INFORMATION PROVIDED -
- Opening Delimiter -

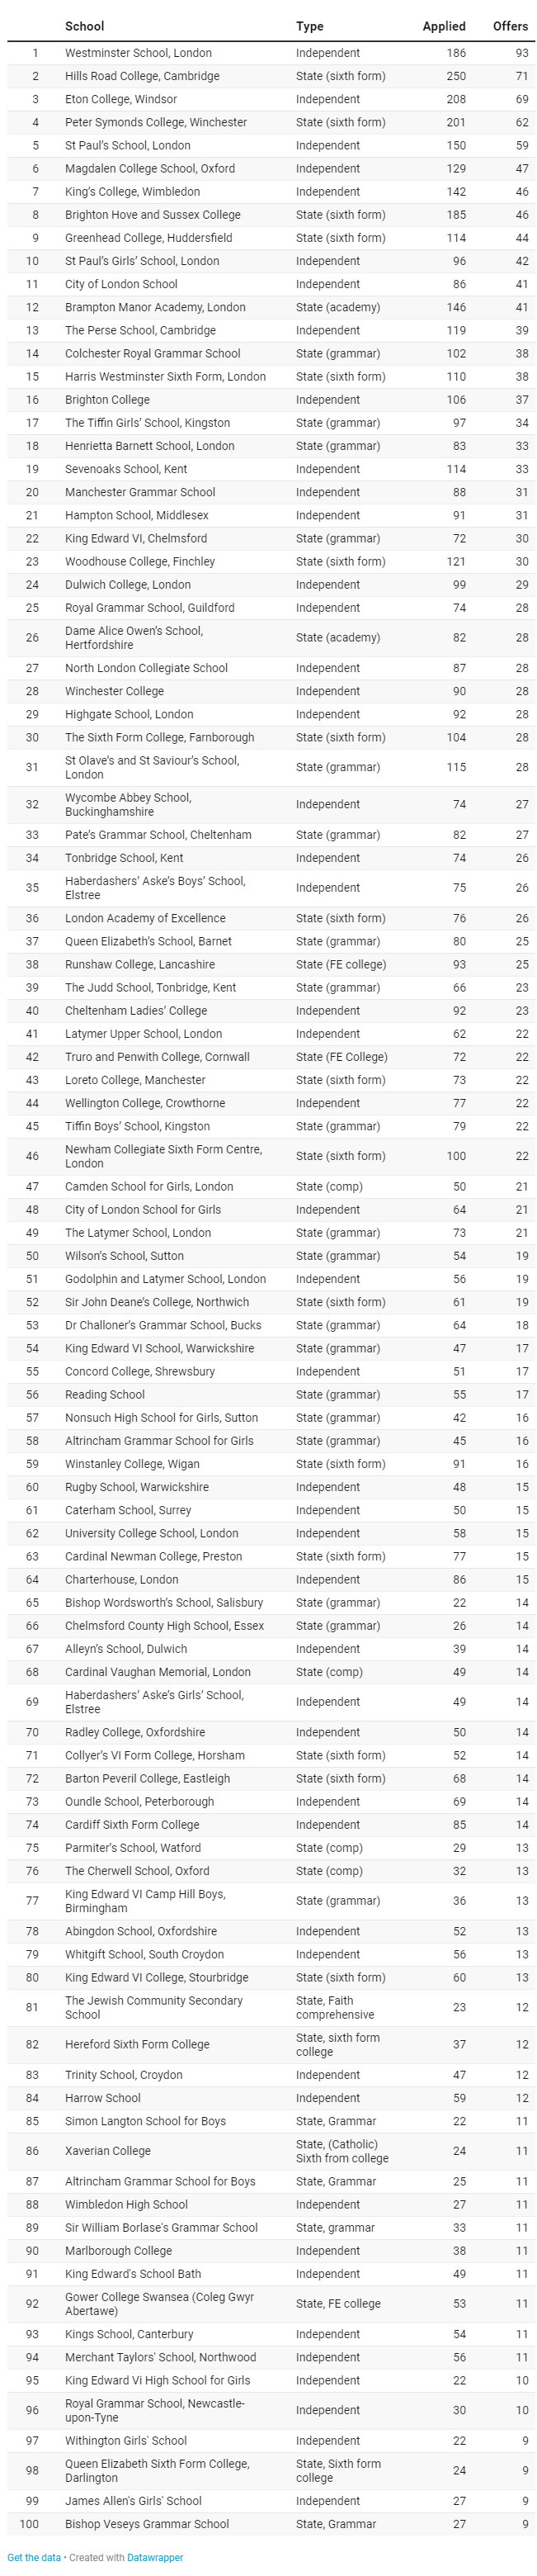 2020牛剑录取人数最多的英国高中TOP10
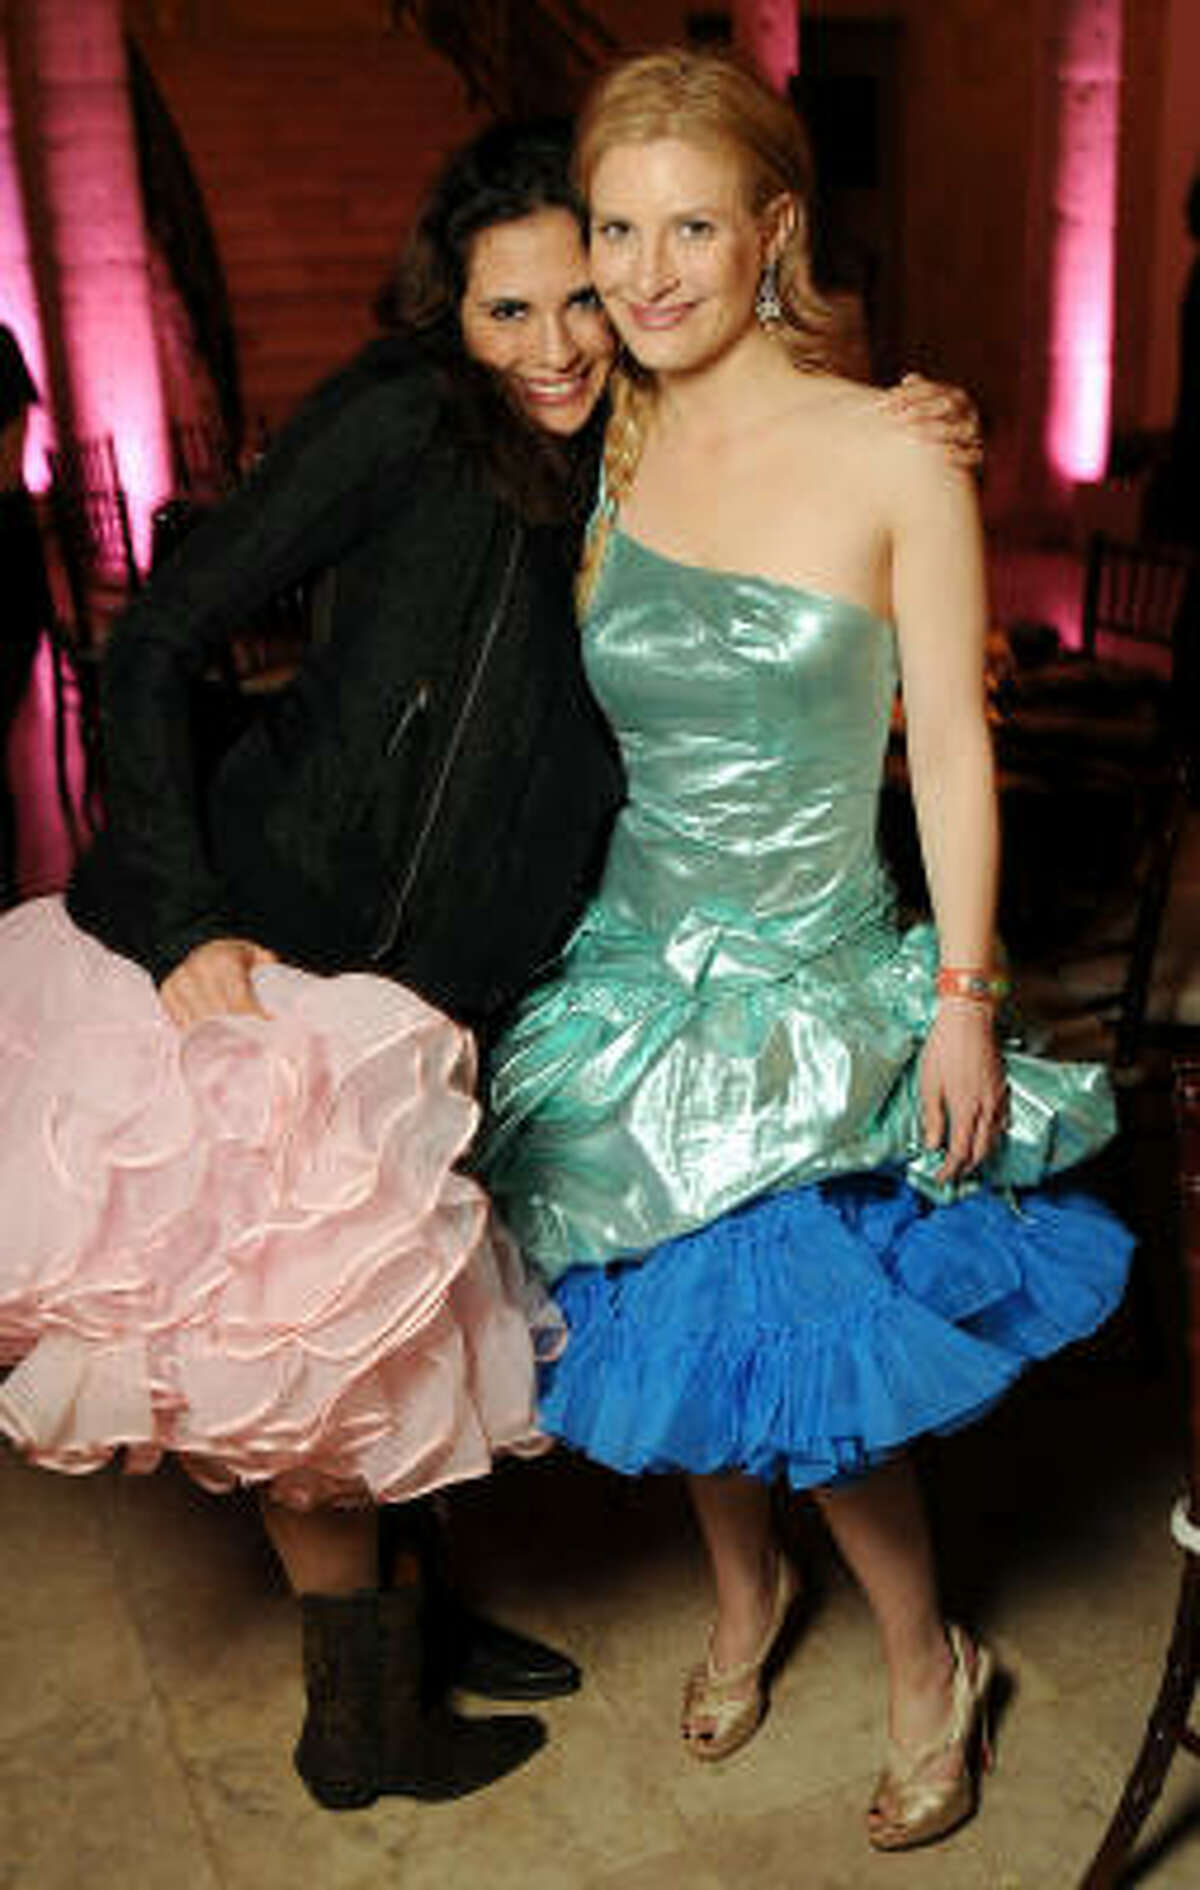 Amy Molina and Molly Gochman at the Debutantes Run Wild Gala
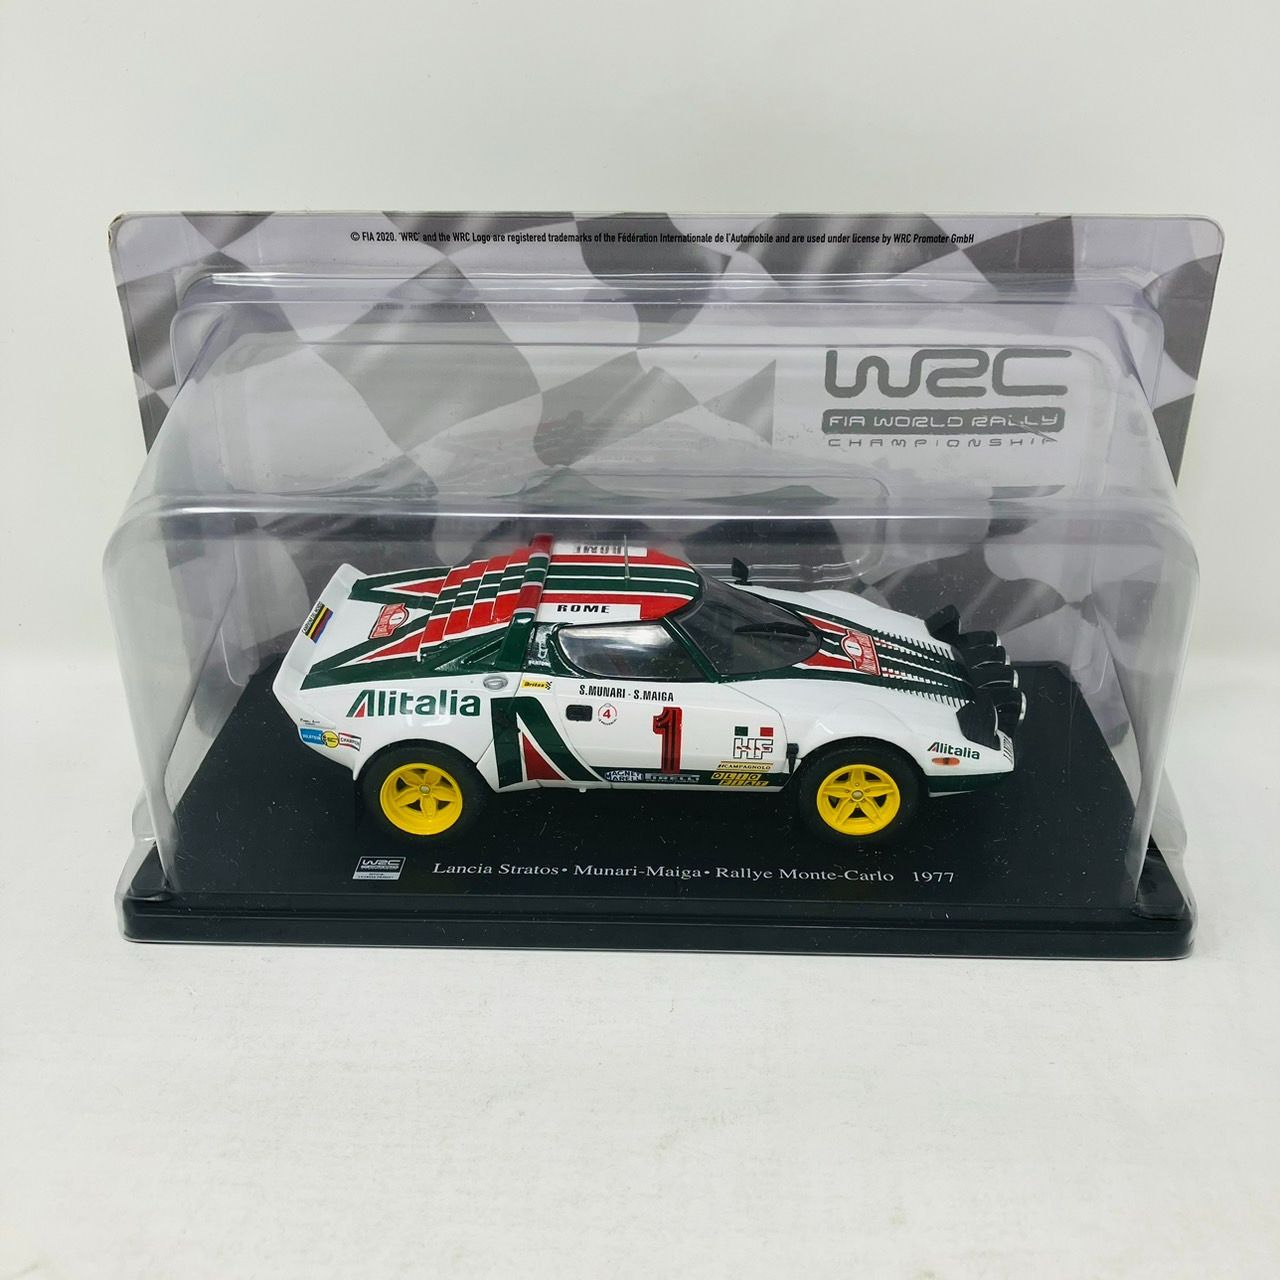 WRC 1/24 ランチア ストラトス 1977 ミニカー / ラリーカー Lancia

- Closing Delimiter -

Where the line containing "Amy Molina and" appears in the data above, begin there and output every line through the last, exactly and without pictures.

 Amy Molina and Molly Gochman at the Debutantes Run Wild Gala
 WRC 1/24 ランチア ストラトス 1977 ミニカー / ラリーカー Lancia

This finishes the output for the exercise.